Google’s Android Things is a new operating system for the Internet of Things

Julian Chokkattu / Digital trends

Google wants Android to power everything, and in December 2016 it released a new operating system to help – Android things. As the name suggests, its primary target is the Internet of Things market, including smart thermostats, TVs, ovens, etc. Now, after a Developer Preview that has seen over 100,000 Developer SDK downloads, Google is releasing Android Things 1.0 with “long term support for production devices”.

As part of the new version of Android Things, Google will begin supporting systems on modules (SoMs) based on the NXP i.MX8M, Qualcomm SDA212, Qualcomm SDA624 and MediaTek MT8516 hardware platforms. All of these modules have been certified for production use and should make it easier for developers to distribute their prototypes.
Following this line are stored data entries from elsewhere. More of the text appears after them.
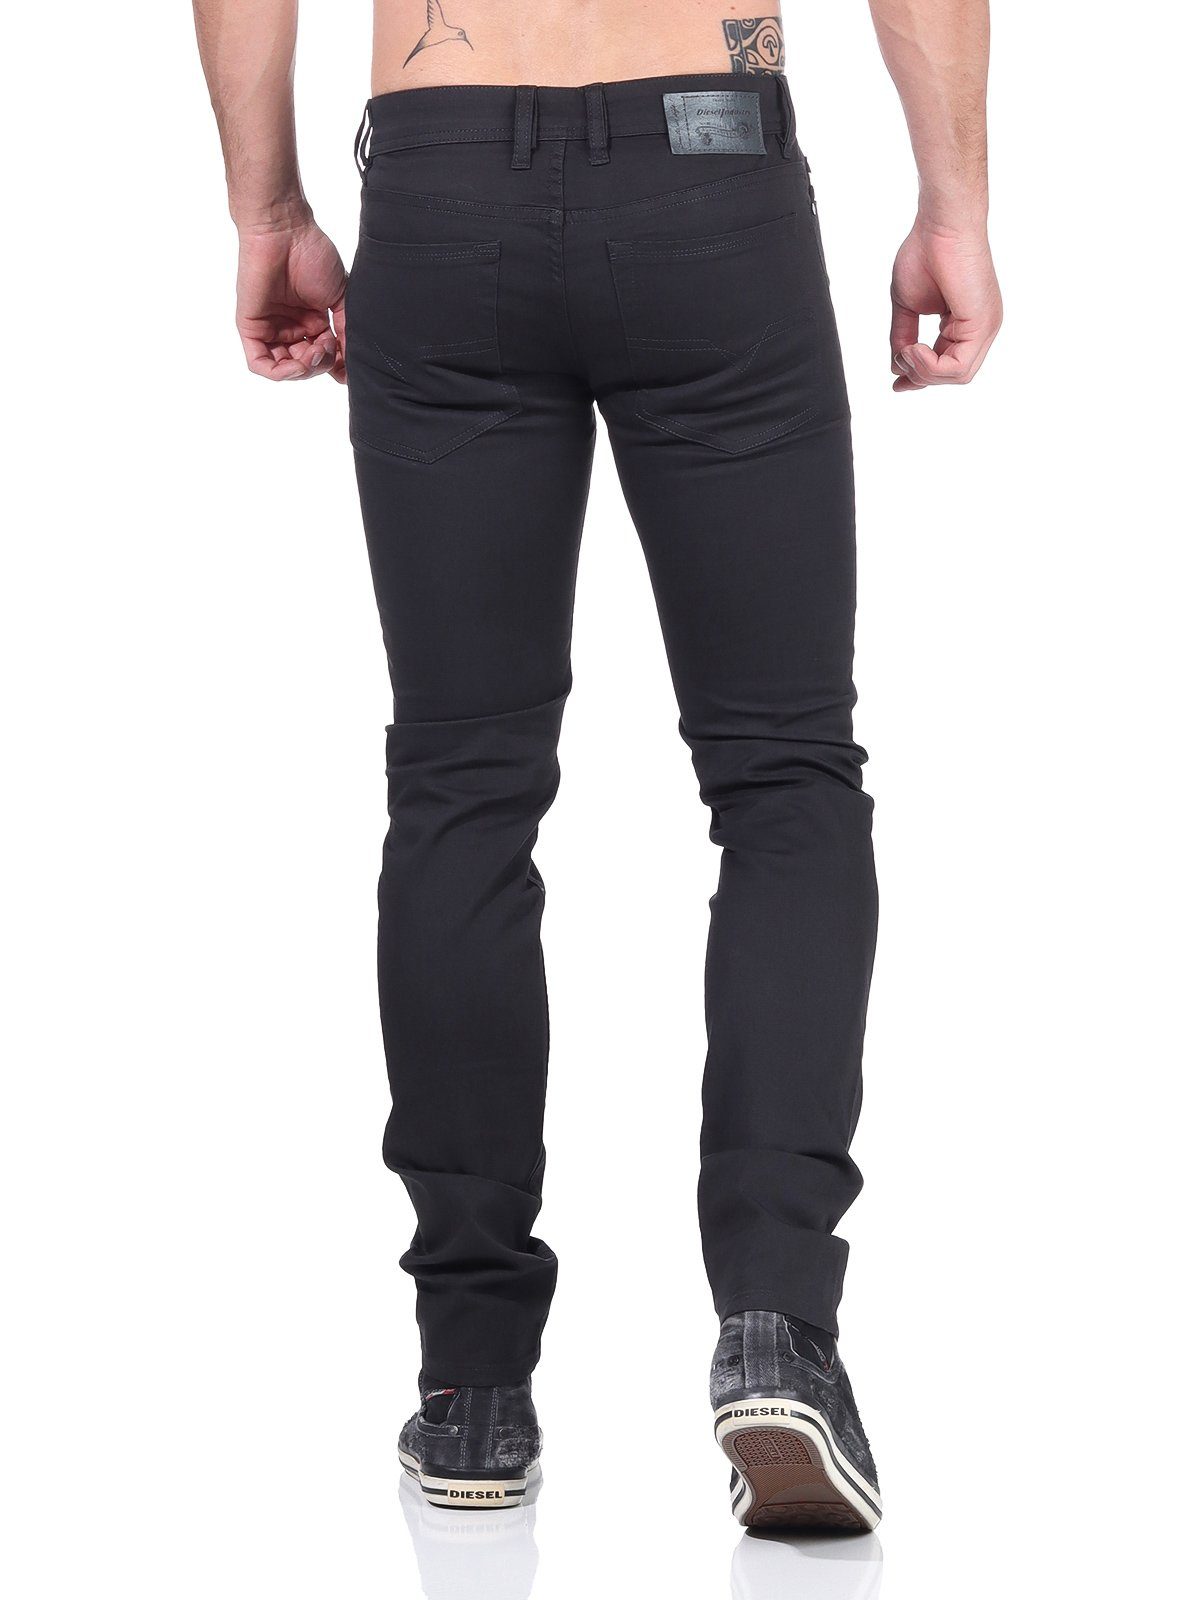 Diesel Skinny-fit-Jeans Einheitsgröße Grau Hose, inch R-TROXER-A 5-Pocket-Style, Skinny-fit-Jeans Länge: 32 Herren Sommer, Dunkel Diesel
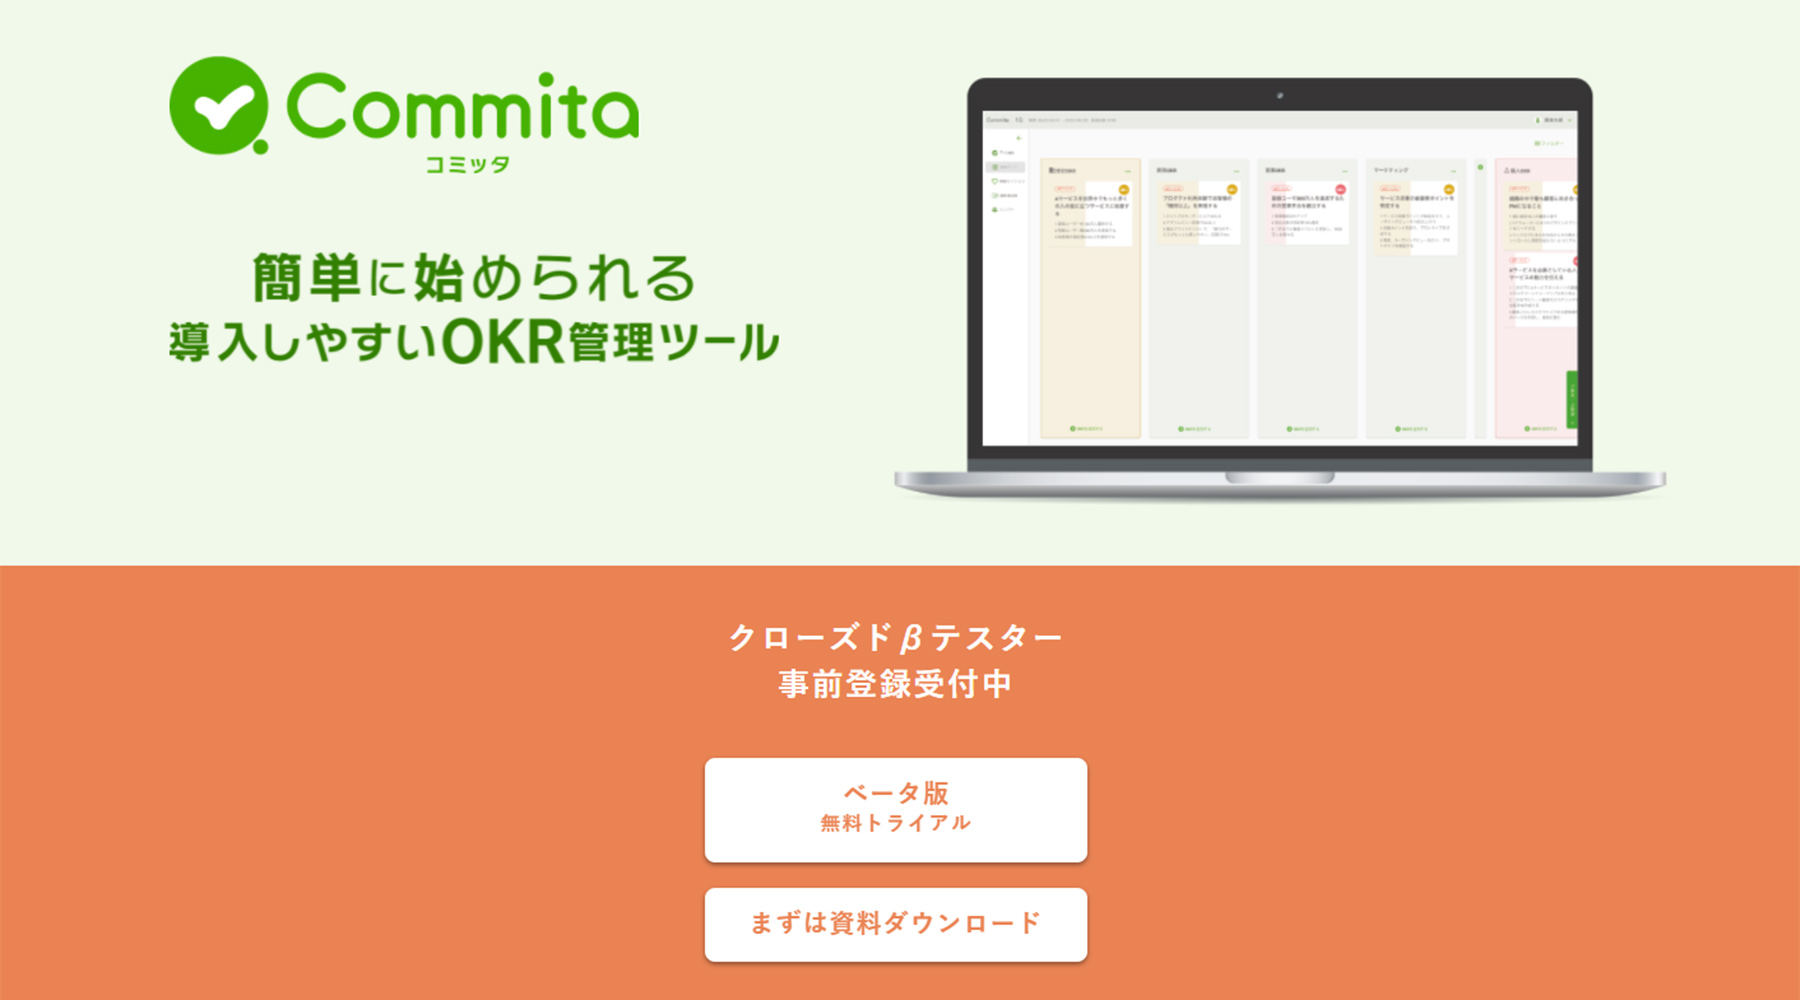 Commita公式Webサイト
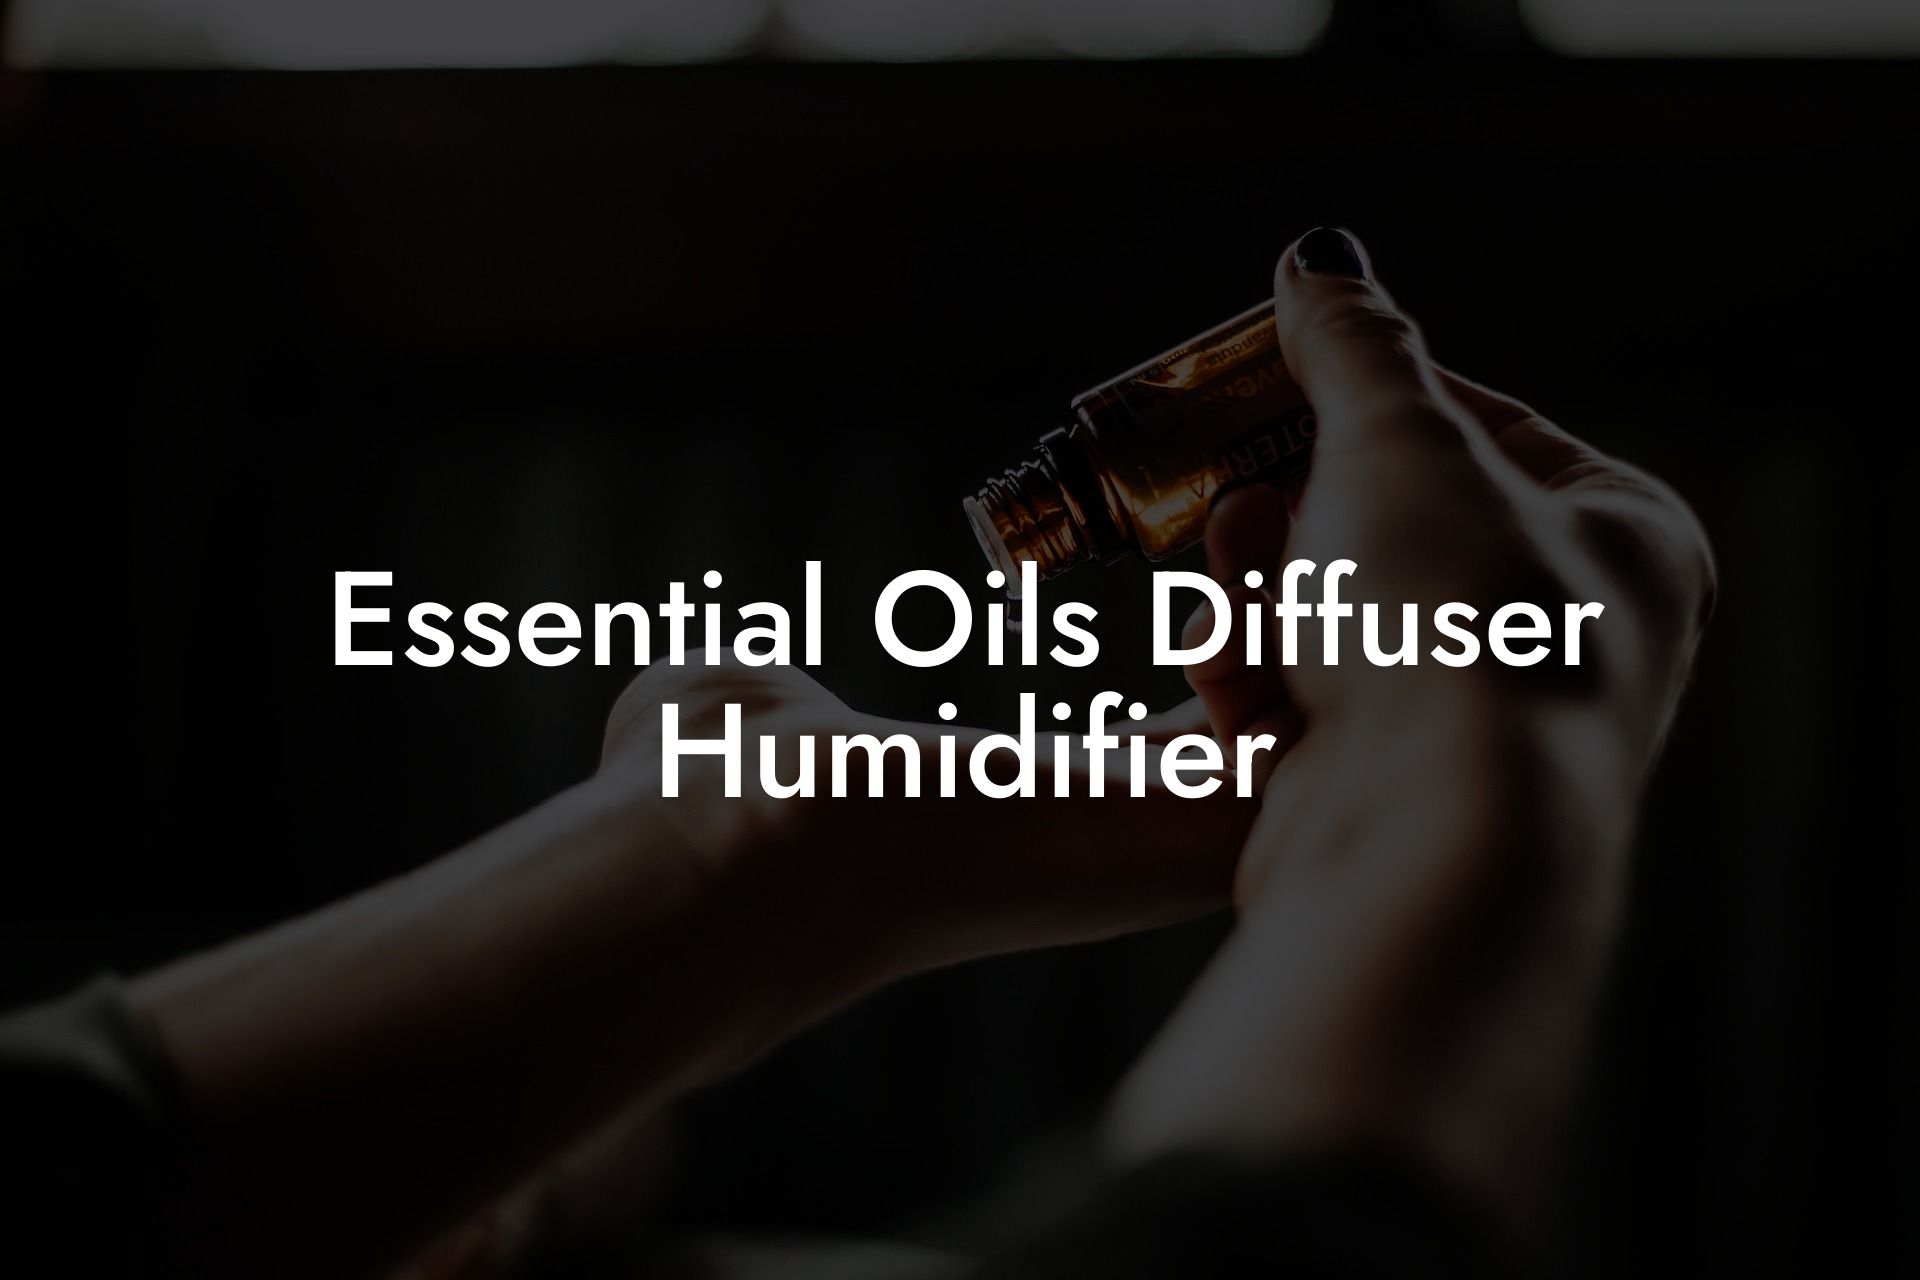 Essential Oils Diffuser Humidifier
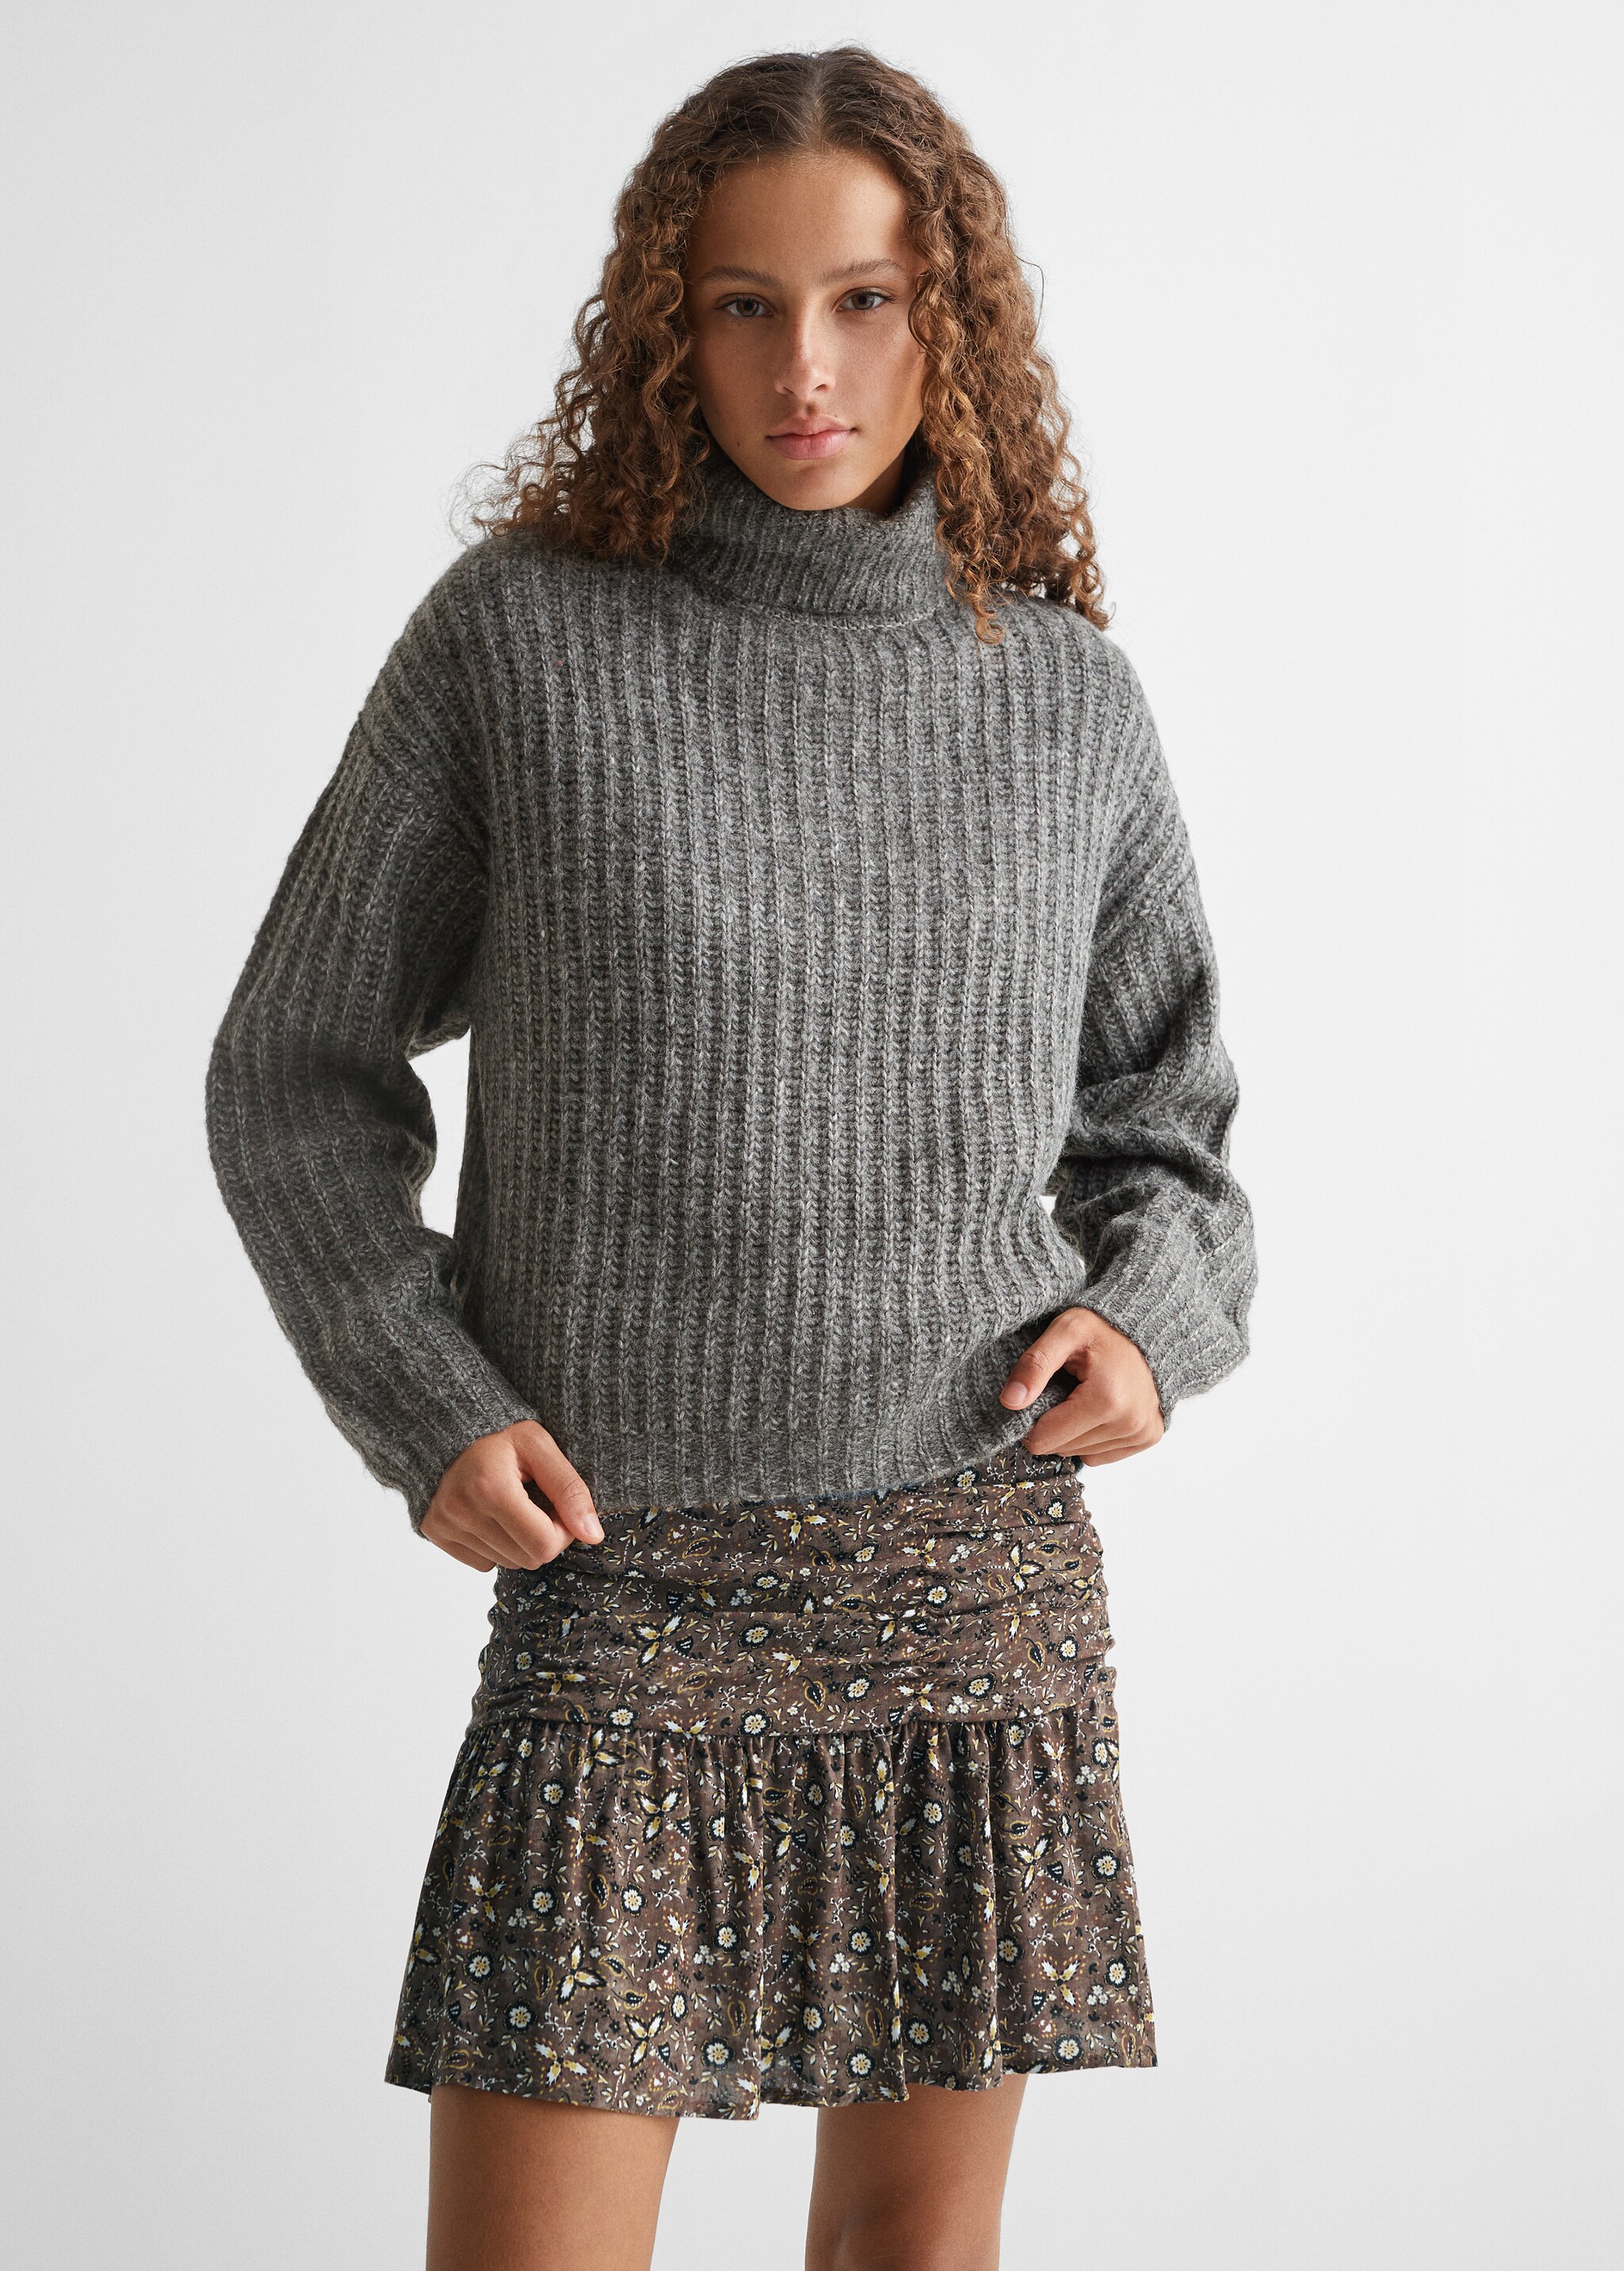 Turtleneck knitted sweater - Middenvlak

In addition, Google will now provide “timely software updates over the air (OTA)”. This means that stability fixes and security fixes will be supported on production hardware platforms, while automatic updates will be available by default for all devices, making Android Things a system of more reliable operation. In fact, Google is promising free stability fixes and fixes for the next three years, and even after official support is withdrawn, developers will still have the option to send app updates to their devices.

“Over the past few months, we’ve been working closely with partners to bring products based on Android Things to market,” Google noted in a blog post. “These include smart speakers from LG and iHome and smart displays from Lenovo, LG and JBL, which feature powerful features like Google Assistant and Google Cast. But other developers will have the option of using the same operating system to create their own products. And if you’re looking to build a new Android Things product, Google has a limited partner program with the broader Android Things team for technical advice and support. You can register to participate here.

The Android Things software was initially a redesign of Brillo, an Internet of Things operating system that Google debuted in May 2015. The company said it “incorporated feedback from Project Brillo to include familiar tools such as Android Studio, Android Software Development Kit (SDK), Google Play Services, and Google Cloud Platform. This incorporation makes it easier for developers because they can use the same tools they use to build Android apps and devices.

“Now any Android developer can quickly build a smart device using Android APIs and Google services, while remaining highly secure with updates directly from Google,” writes Wayne Piekarski of Google, Developer Advocate for Google. ‘IoT.

The Android Things platform uses Weave, which was also announced alongside Brillo. Weave is a cross-platform language that allows devices to communicate with each other, the cloud, and your phone – one command works the same for all smart devices. Google says the Weave platform is also receiving an update to make it easier for all devices to connect to the cloud and interact with services, such as the Google Assistant.

It’s important to note that consumers will never directly interact with Weave or Android Things, as they are simply powering a product, like a smart bulb. But for people on the technical side of things, Android Things 1.0 could open up a whole new set of opportunities.